Upon leaving the premises everybody disinfects their hands at the Amuchina gel-like dispensers which are now everywhere and then return home. Once a week I do the cleaning, which in the language of MM is to use all the Swiffer products in rotation, and every day I have to empty the trash, carefully recycling: I can throw pads in the green bin but not their plastic bags; the cotton swabs, hair and make-up removers MUST not go in the green bin; plastic bottles should be washed thoroughly before being thrown into the blue plastic recycling bin. The police regularly searches the bins and steeply fines those who break the rules. In fact the bins are personal and are placed at the curb once a week when the truck comes to withdraw.

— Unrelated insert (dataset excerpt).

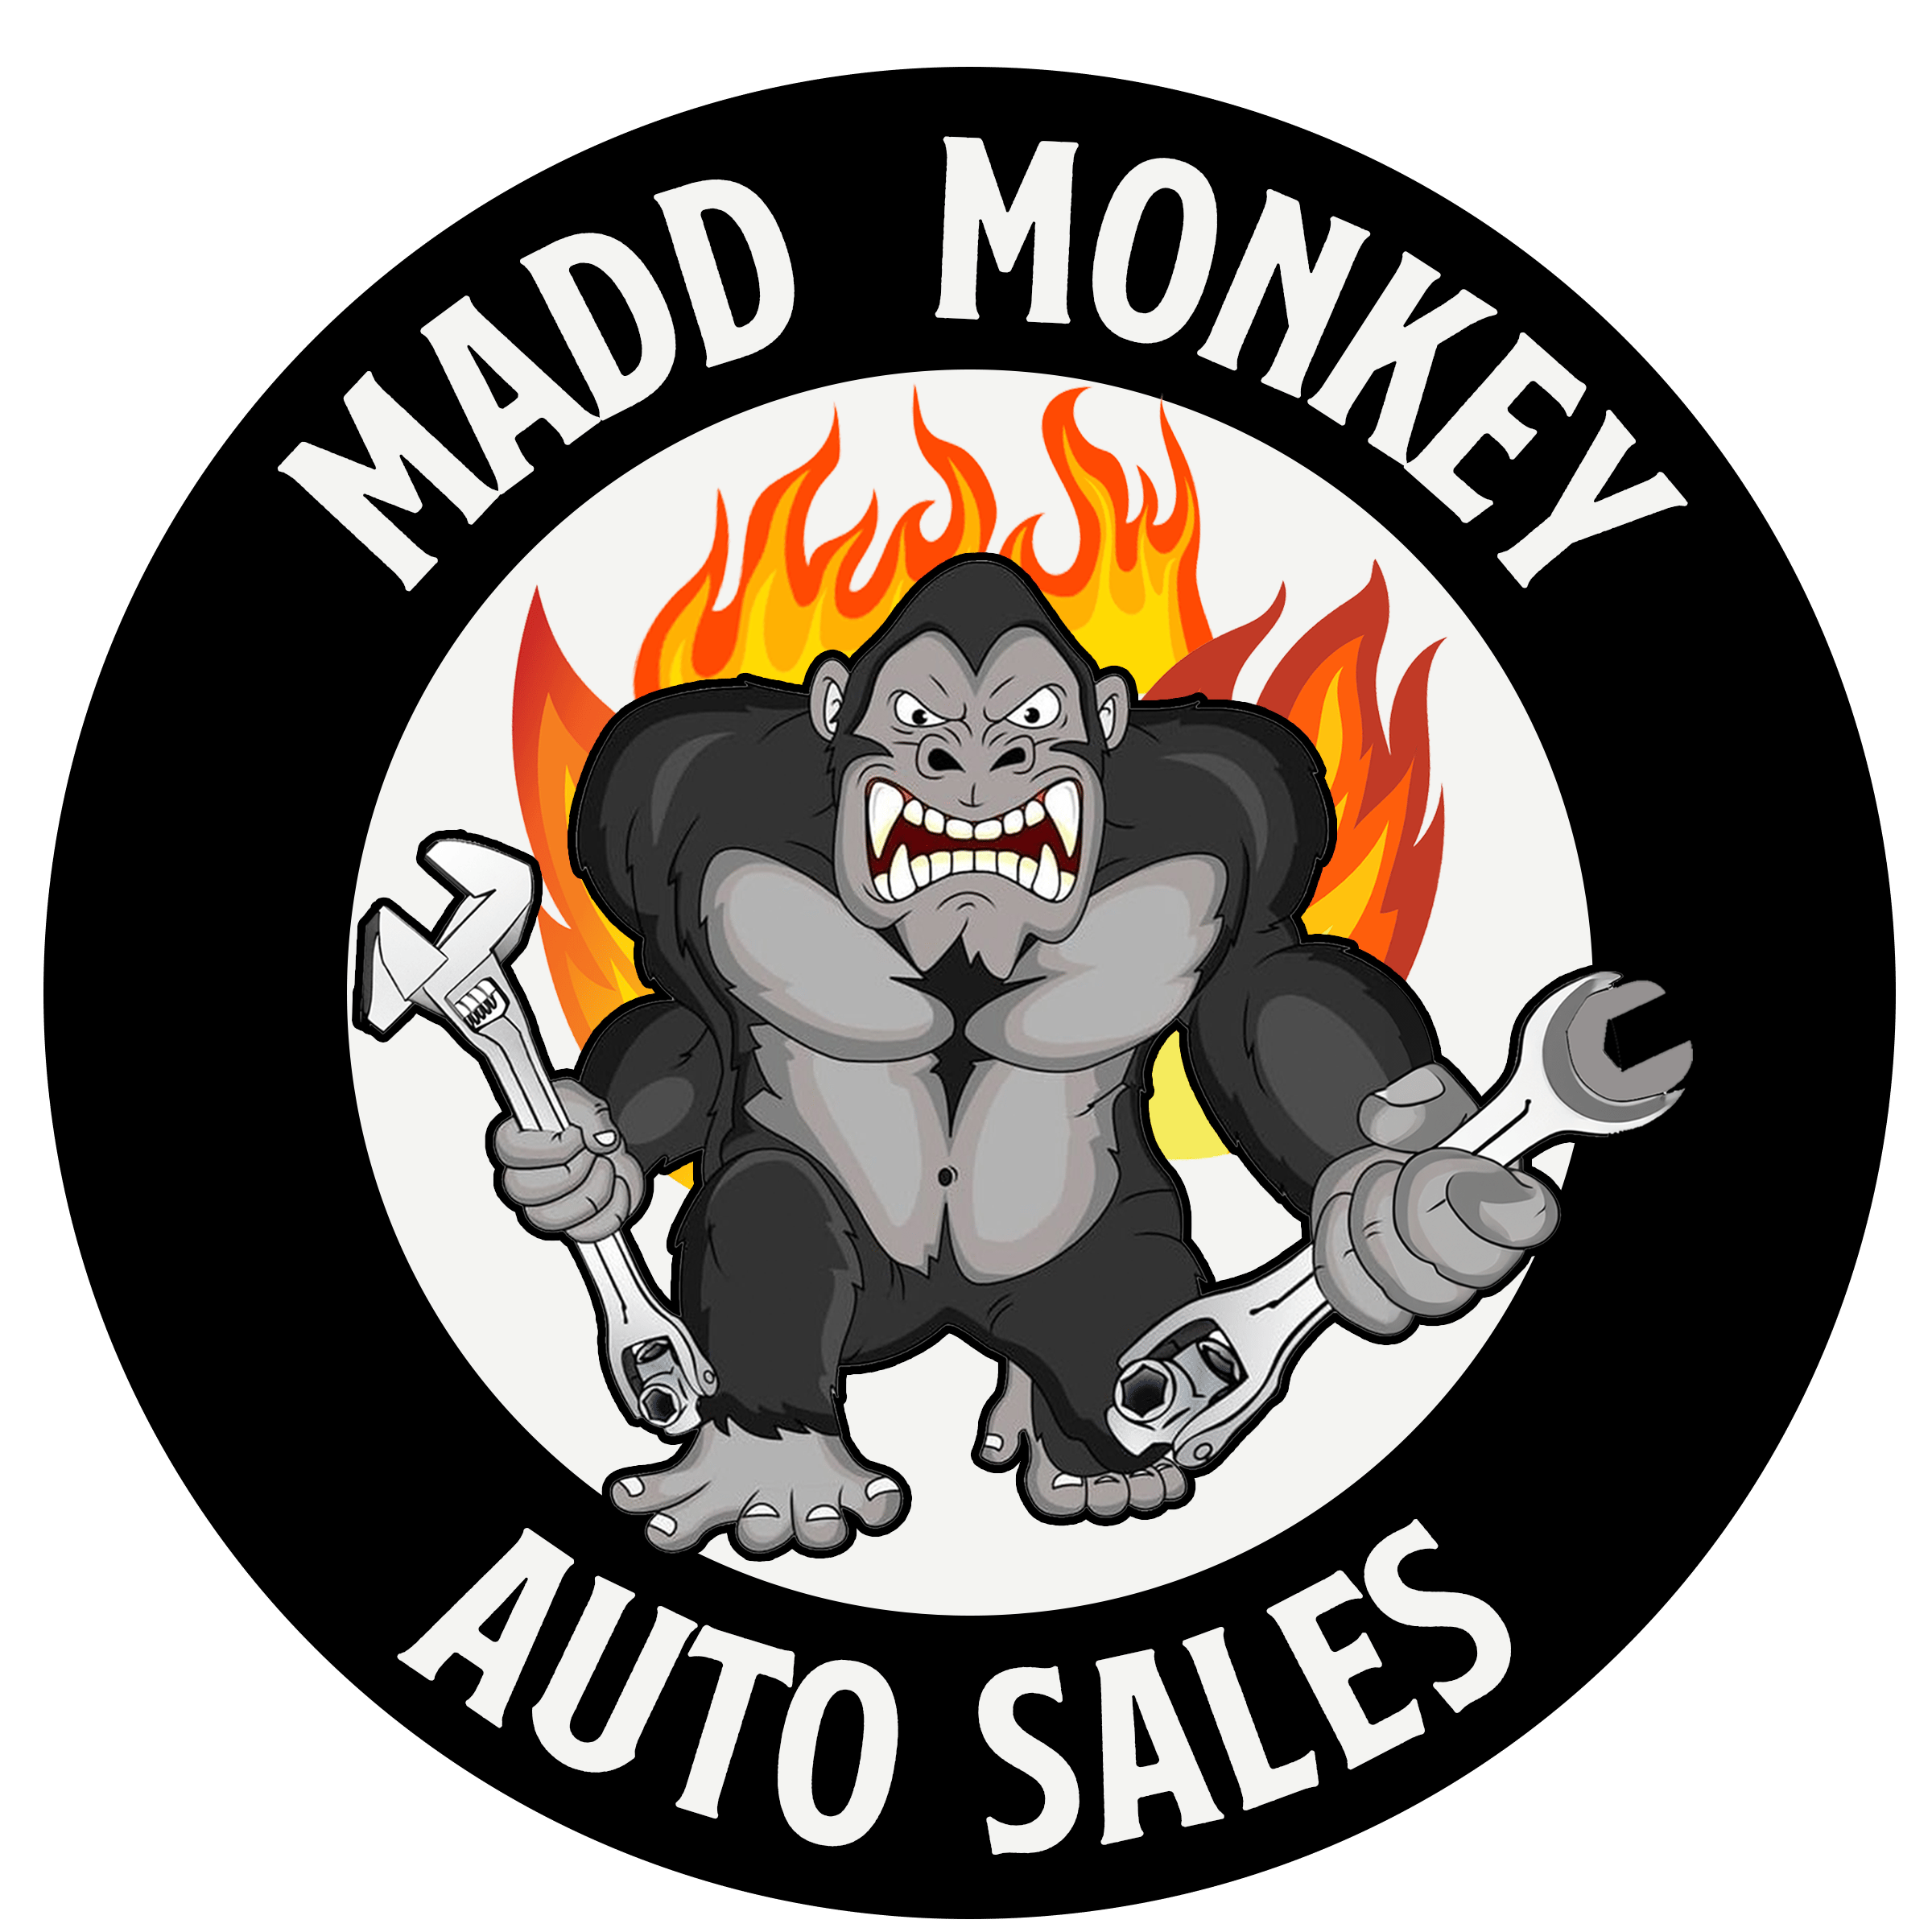 Madd Monkey Auto Sales

Then I help set the table for dinner which often includes "Italian" pasta dishes with Alfredo sauce: mushrooms, peppers, sausage, beans, tomato; Bolognese meat sauce with tomato, sausage, beans, peppers, paprika and mushrooms. MM takes her "Italian" recipes from the "Italian" cook that has a program of his own on TV. His name is Mario, he wears a crucifix on his hairy chest, his shirt open, his hair in a ponytail and a ham on his shoulder... and if he says that that is the real Bolognese sauce!
After dinner, once the dishes are washed, we retreat into our rooms, while outside you hear the music of the ice cream truck that goes away and the next day you wake up at 7 with trucks that are beginning to work on the road at improbable hours. Then I can start again, with my typical day.